Ford's Co-Pilot360 is an advanced suite of driver-assist and safety features available in 2019 and later models sold in North America. The technologies include automatic emergency braking (AEB) with pedestrian detection, blind spot information system, lane keeping system, a rear backup camera and auto high beam lighting.
Customers can also add more premium driver-assist technologies as add-ons, including adaptive cruise control, which matches the flow of stop and go traffic, lane keep assist, as well as evasive steering assist, which helps a driver make emergency steering maneuvers more safely.

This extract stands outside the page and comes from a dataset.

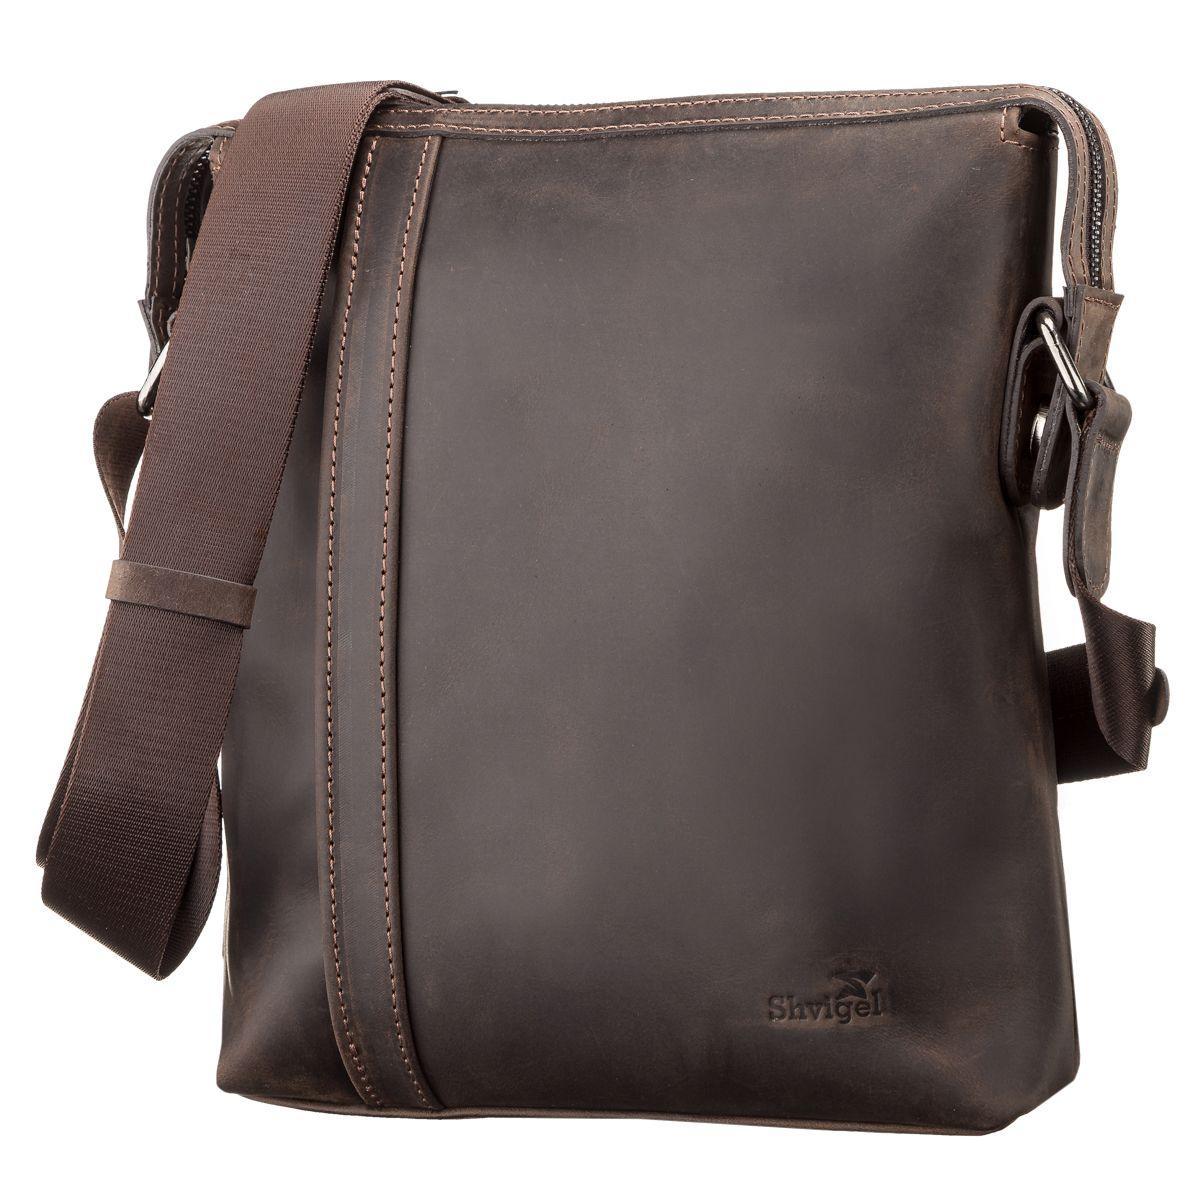 53b60872f633 Коричневая мужская сумка на плечо SHVIGEL 11099 - Цена, купить ...

Ford's Lane keep assist notifies drivers with steering wheel vibrations when the system detects the vehicle drifting outside of the lane towards the lane markers and provides gentle steering torque to guide the vehicle back toward the center portion of the lane.
In 2019, Ford added reverse brake assist to its Co-Pilot360, to further assist drivers while in reverse, by automatically applying the brakes if an object is detected behind the vehicle.
Ford is investing $500 million the next five years to develop new driver-assist and safety technologies, with a focus on simplifying the technologies so they work as people expect. The goal is to make people more comfortable with autonomous vehicles.
"Many people question the idea of autonomous vehicles," said Jim Farley, Ford president, Global Markets.
"Those who use advanced driver-assist technologies today say they are more open to cars doing all of the driving in the future."